Re: [HACKERS] Out of memory problem (forwarded bug report)

From: Tom Lane <tgl(at)sss(dot)pgh(dot)pa(dot)us>
To: Vladimír Beneš <Vladimir(dot)Benes(at)pvt(dot)cz>
Cc: pgsql-hackers(at)postgreSQL(dot)org, Mühlpachr Michal <michalm(at)pvt(dot)net>
Subject: Re: [HACKERS] Out of memory problem (forwarded bug report)
Date: 2000-02-24 05:45:56
Message-ID: 14205.951371156@sss.pgh.pa.us
Views: Raw Message | Whole Thread | Download mbox | Resend email
Thread:
Lists: pgsql-hackers

Vladimir,
Thanks for the details. I think you are undoubtedly running into
expression evaluation memory leaks. Basically, any expression that
yields a non-pass-by-value data type consumes memory that is not
reclaimed until end of statement --- so when you process a few million
rows, that memory starts to add up. (Yes, I realize this is a horrible
misfeature. It's on our TO-DO list to fix it, but it probably won't
happen until 7.1 or 7.2.) In the meantime the best I can offer you
is workarounds.

I think the major problems here are coming from the
"date_trunc('day',start)" calculation (because its datetime result is
pass-by-reference) and to a lesser extent from the sum(bytes)
calculation (because int8 is pass-by-reference). You could easily
replace "date_trunc('day',start)" with "date(start)"; since date is
a pass-by-value type, that won't leak memory, and it should give
equivalent results. The int8 sum is not quite so easy to fix.
I assume you can't get away with switching to int4 --- probably
your sum would overflow an int4? It may be that just fixing the
inefficient date_trunc calc will reduce your memory requirements
enough to get by. If not, the only good news I have is that release
7.0 does fix the memory-leak problem for internal calculations of
aggregate functions like sum(). You can get the first beta release
for 7.0 now.

regards, tom lane

"=?iso-8859-2?B?VmxhZGlt7XIgQmVuZbk=?=" <Vladimir(dot)Benes(at)pvt(dot)cz> writes:
> -----Pvodn zprva-----
> Od: Tom Lane <tgl(at)sss(dot)pgh(dot)pa(dot)us>
> Komu: Oliver Elphick <olly(at)lfix(dot)co(dot)uk>
> Kopie: pgsql-hackers(at)postgreSQL(dot)org <pgsql-hackers(at)postgreSQL(dot)org>;
> Vladimir(dot)Benes(at)pvt(dot)cz <Vladimir(dot)Benes(at)pvt(dot)cz>
> Datum: 22. nora 2000 18:06
> Pedmt: Re: [HACKERS] Out of memory problem (forwarded bug report)

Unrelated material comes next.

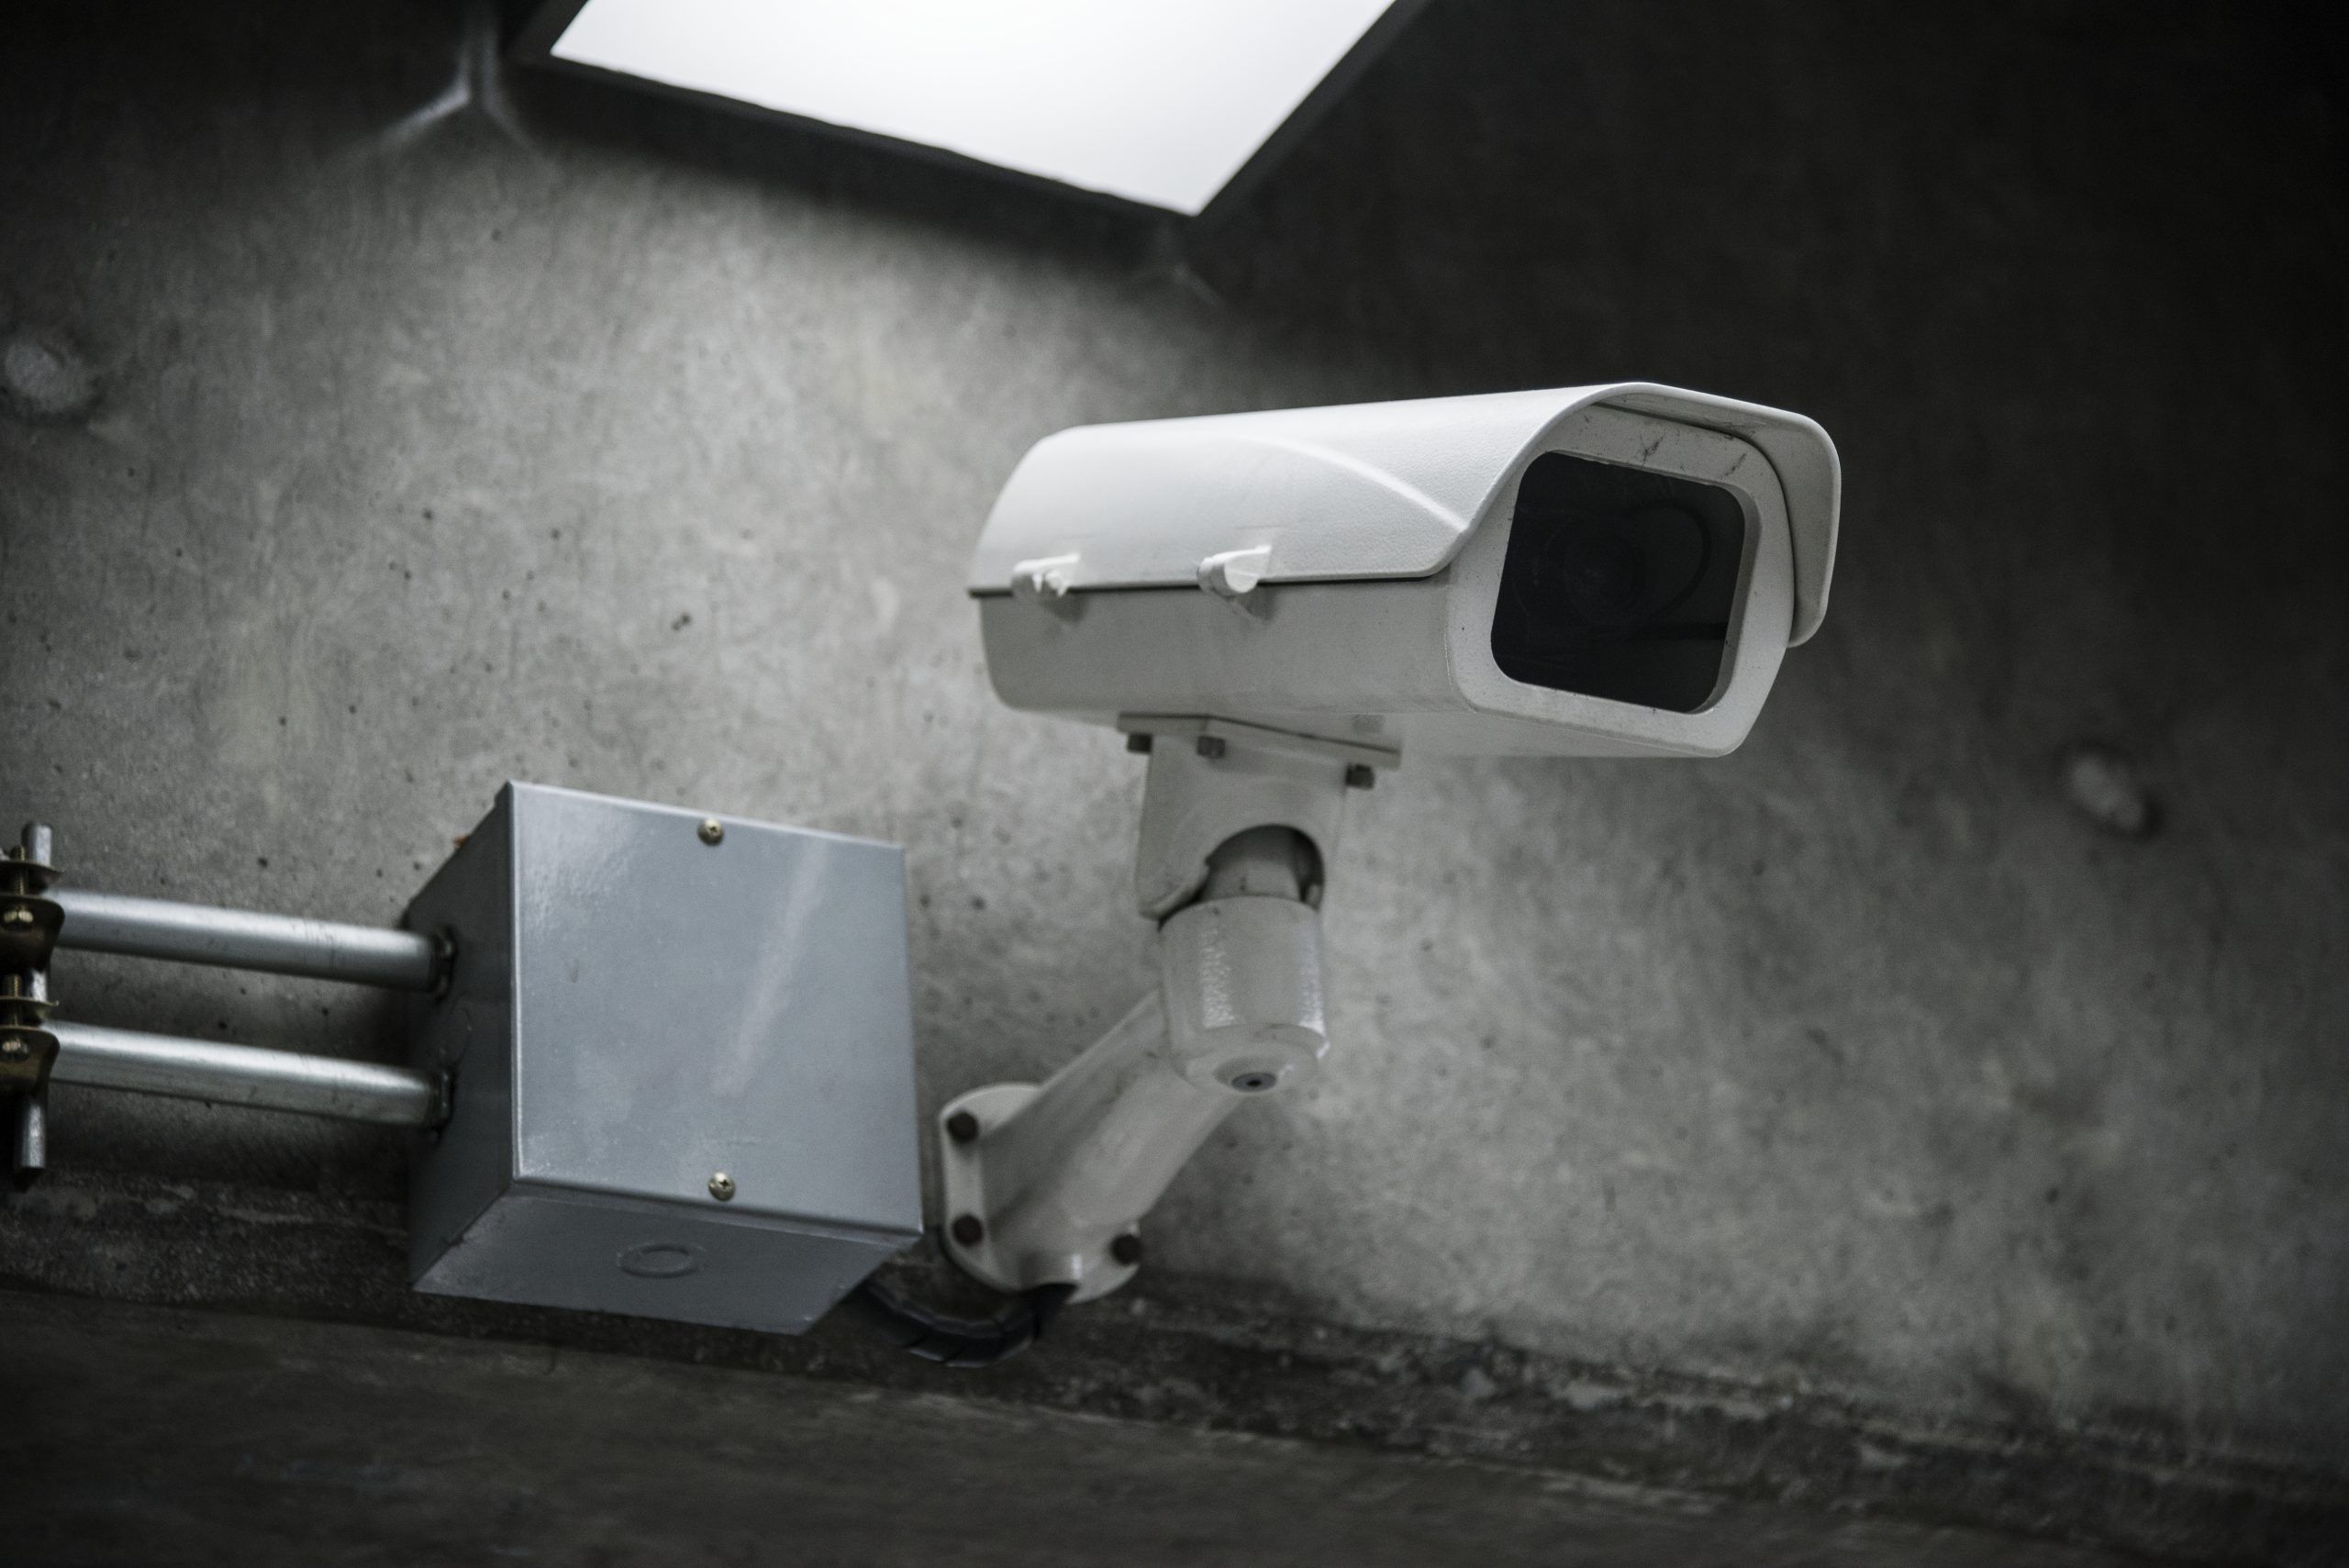 Closeup of CCTV camera on the wall

>> "Oliver Elphick" <olly(at)lfix(dot)co(dot)uk> writes:
>>> Can someone advise, please, how to deal with this problem in 6.5.3?
>>

>> My guess is that the cause is memory leaks during expression evaluation;
>> but without seeing the complete view definitions and underlying table
>> definitions, it's impossible to know what processing is being invoked
>> by this query...
>>
>> regards, tom lane

> Well, I will append views and underlying table definition:

> 1) Once again - failure query:
> select comm_type,name,tot_bytes,tot_packets
> from flow_sums_days_send_200002_view
> where day='2000-02-21' and name not like '@%'
> union all
> select comm_type,name,tot_bytes,tot_packets
> from flow_sums_days_receive_200002_view
> where day='2000-02-21' and name not like '@%'

> 2) views definition:
> create view flow_sums_days_send_200002_view as
> select
> 'send'::varchar as comm_type, date_trunc('day',start) as day,
> src_name as name, sum(bytes) as tot_bytes, sum(packets) as tot_packets
> from flow_sums_200002
> group by day, src_name

> create view flow_sums_days_receive_200002_view as
> select
> 'receive'::varchar as comm_type, date_trunc('day',start) as day,
> dst_name as name, sum(bytes) as tot_bytes, sum(packets) as tot_packets
> from flow_sums_200002
> group by day, dst_name

> I wanted create only one usefull view:

> create view flow_sums_days_200002_view as
> select
> 'send'::varchar as comm_type, date_trunc('day',start) as day,
> src_name as name, sum(bytes) as tot_bytes, sum(packets) as tot_packets
> from flow_sums_200002
> group by day, src_name
> UNION ALL
> select
> 'receive'::varchar as comm_type, date_trunc('day',start) as day,
> dst_name as name, sum(bytes) as tot_bytes, sum(packets) as tot_packets
> from flow_sums_200002
> group by day, dst_name

> ...but Postgres cann't use clause UNION ALL at view definition. So I created
> two views mentioned above and I wanted use this ones with UNION ALL clause
> only.

> 3) underlaying table definition:
> create table flow_sums_200002 (
> primary_collector varchar(50) not null,
> start datetime not null,
> end_period datetime not null,
> dead_time_rel float4 not null,
> src_name varchar(50) not null,
> dst_name varchar(50) not null,
> bytes int8 not null,
> packets int4 not null
> )

> Today this table has about 3 000 000 rows and the select command
> mentioned above returns 190 + 255 rows.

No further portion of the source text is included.